AIM OF THE EXERCISE: Pictures aside, every line of the listing should be given again exactly.

INFORMATION PROVIDED:
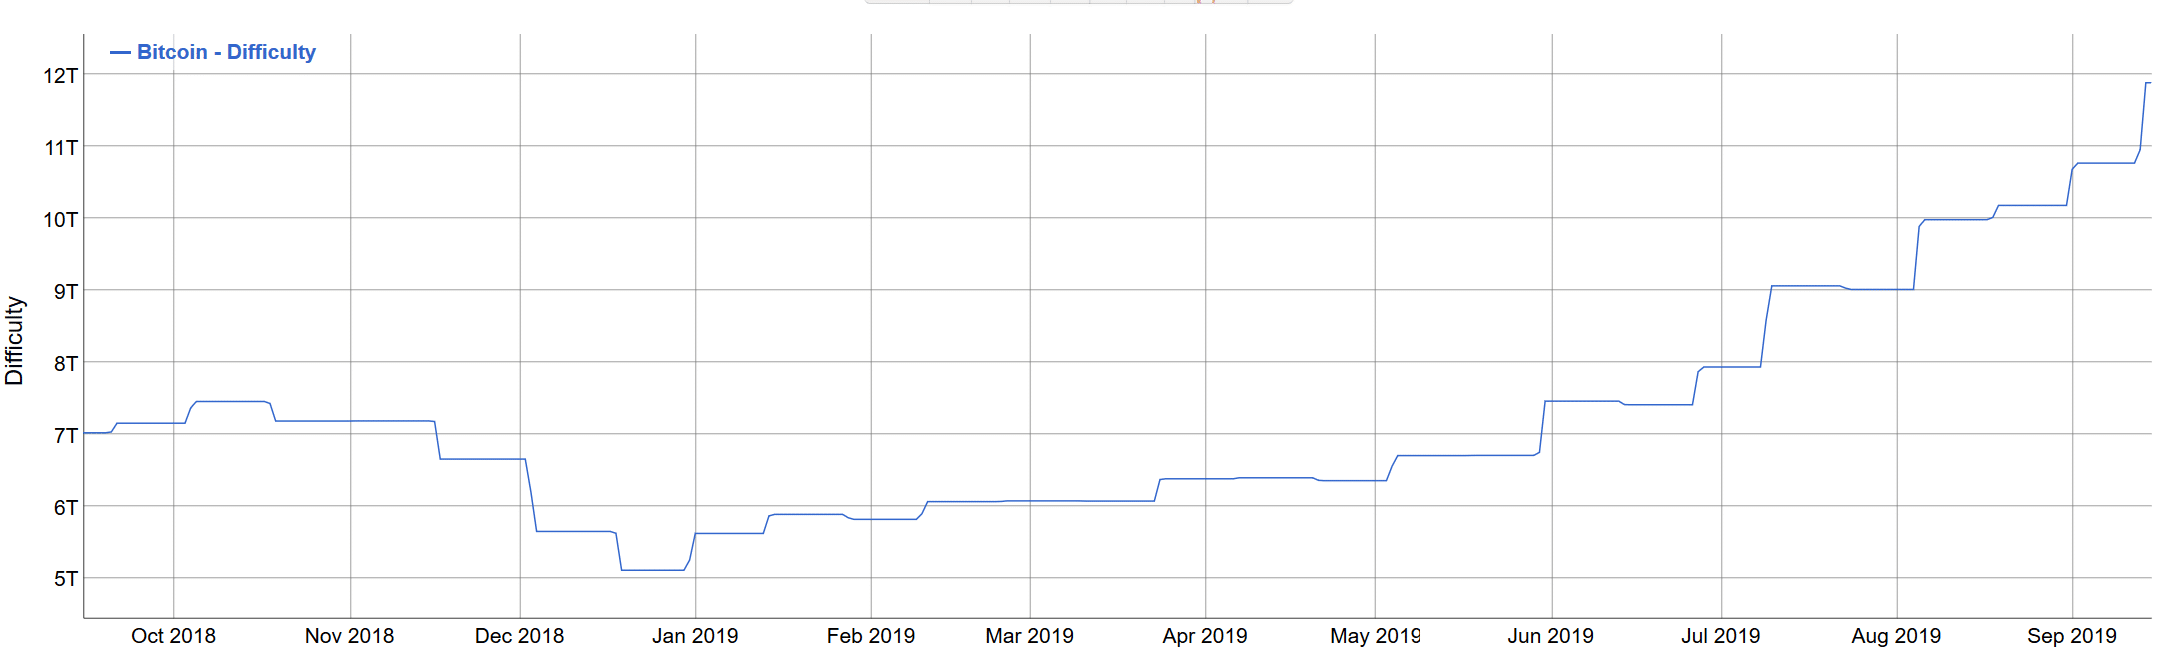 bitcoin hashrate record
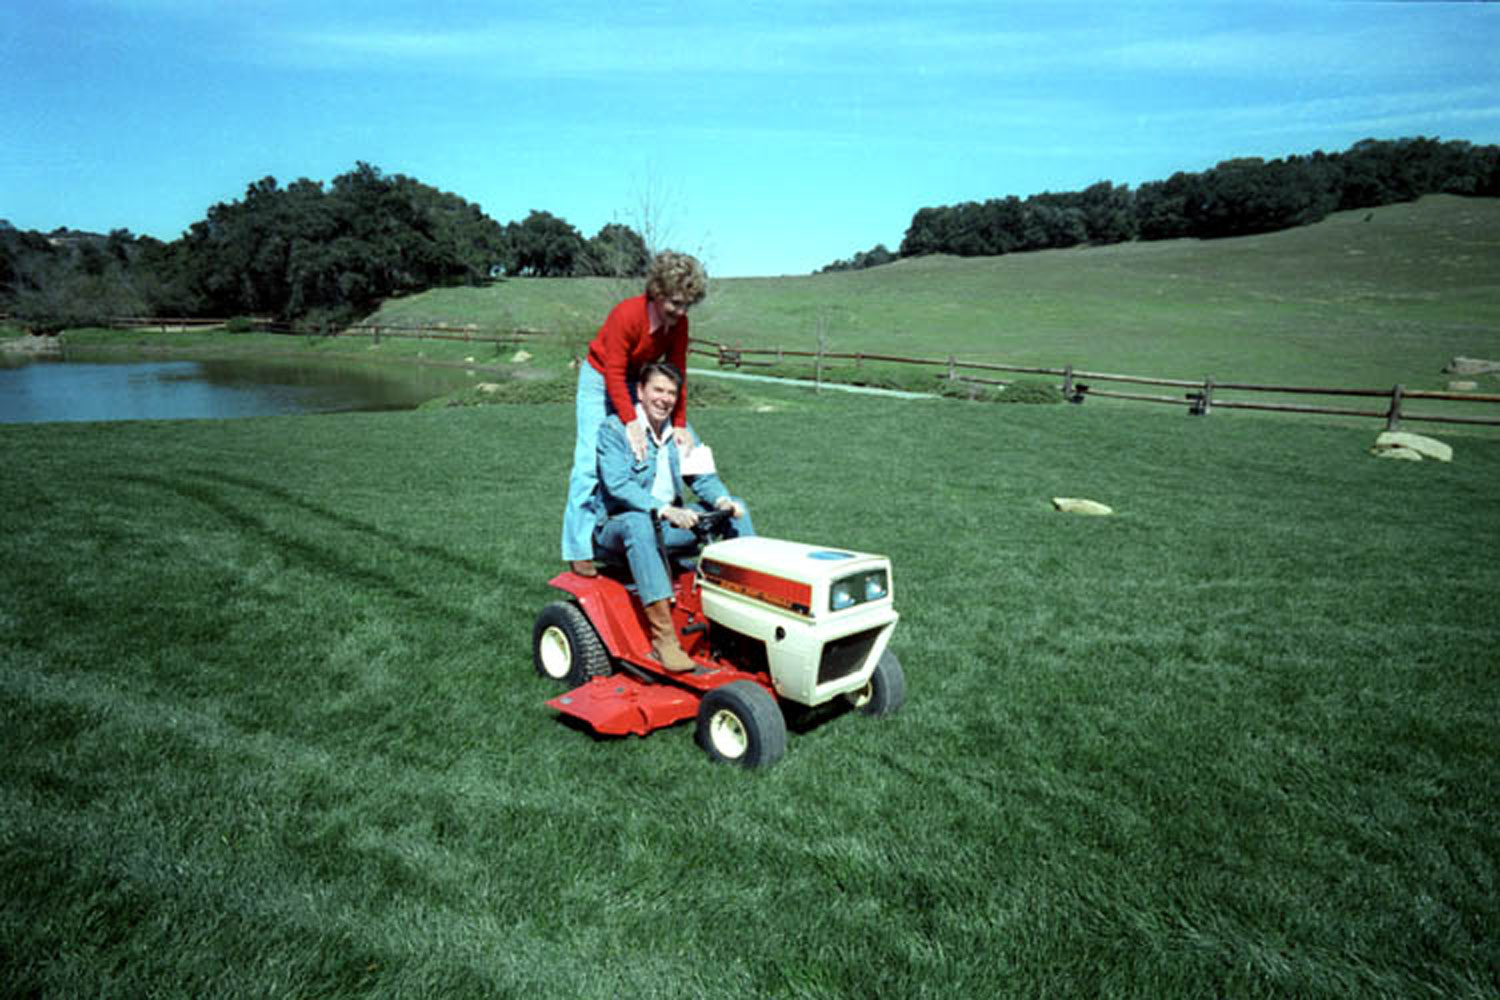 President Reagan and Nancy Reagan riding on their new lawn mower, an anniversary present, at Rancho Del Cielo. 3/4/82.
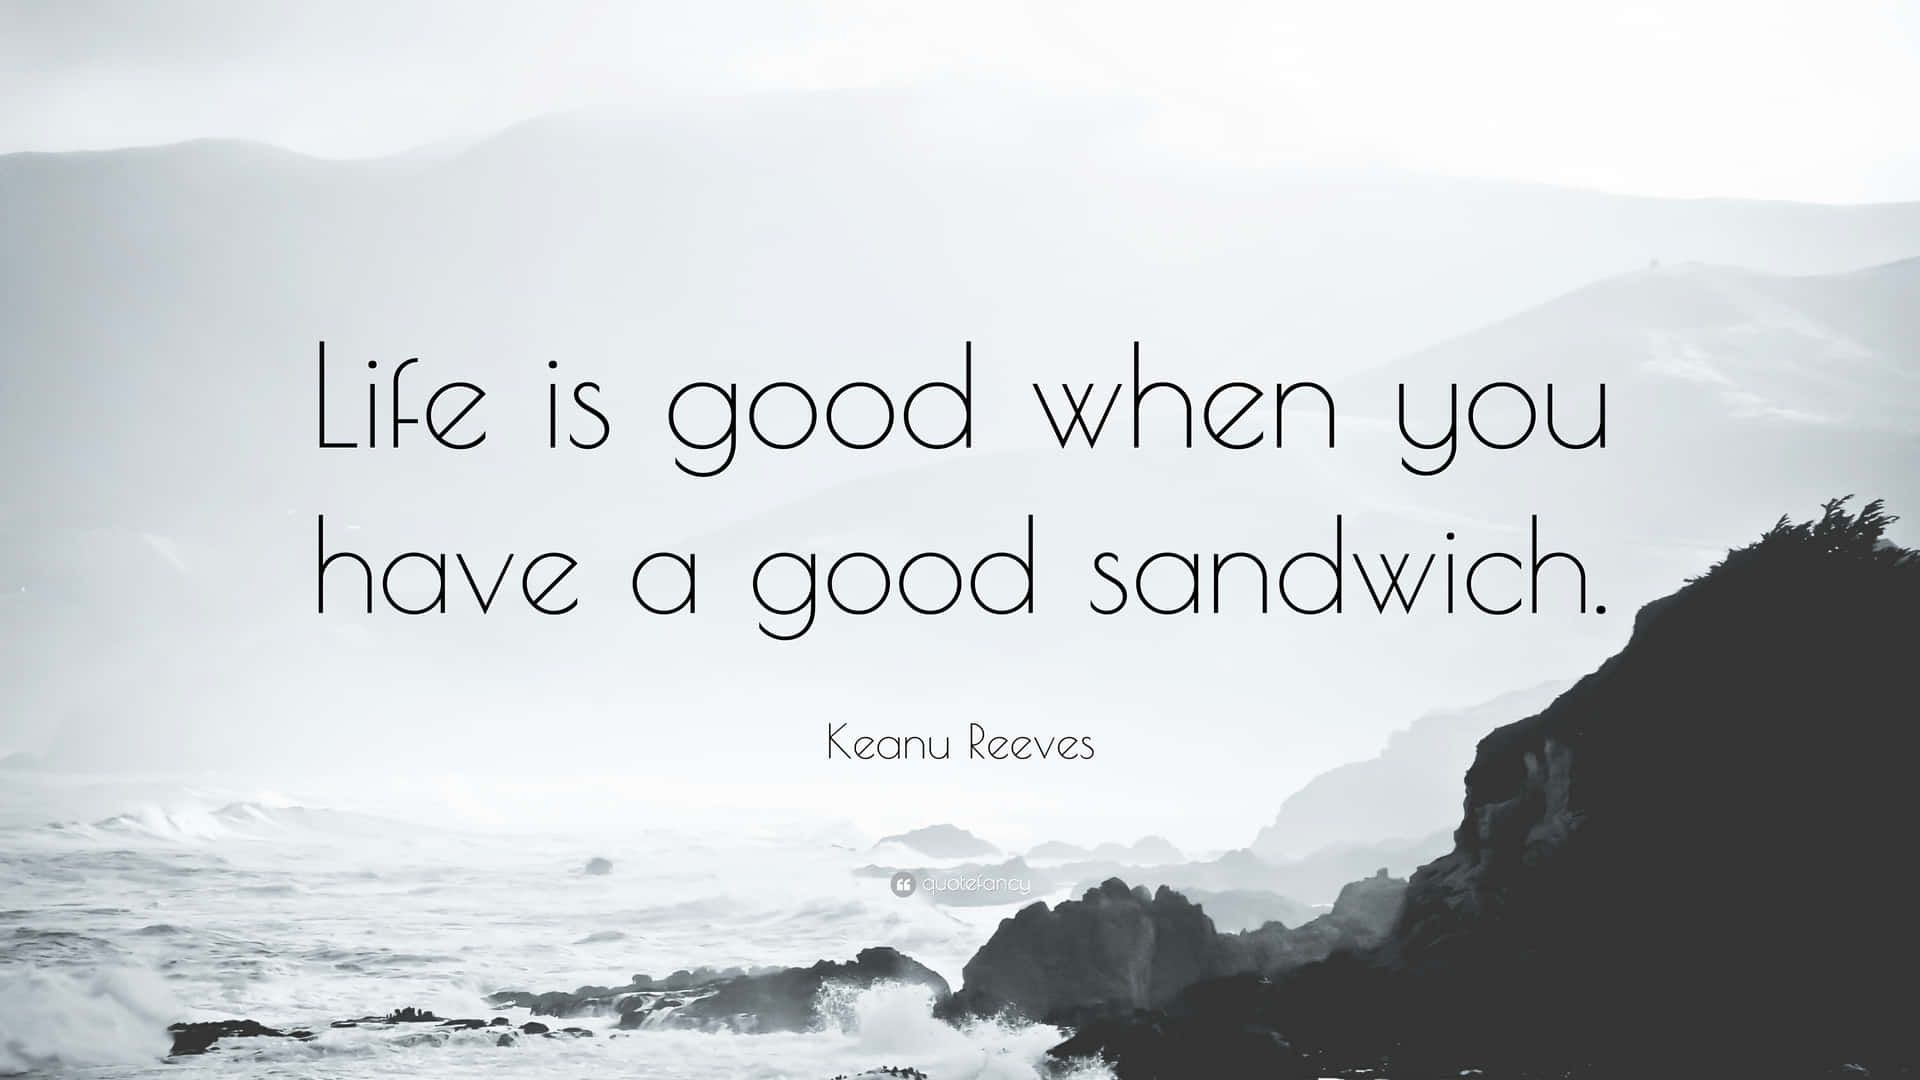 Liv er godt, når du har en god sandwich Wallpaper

OUTPUT OF THE TASK:
 bitcoin hashrate record
 President Reagan and Nancy Reagan riding on their new lawn mower, an anniversary present, at Rancho Del Cielo. 3/4/82.
 Liv er godt, når du har en god sandwich Wallpaper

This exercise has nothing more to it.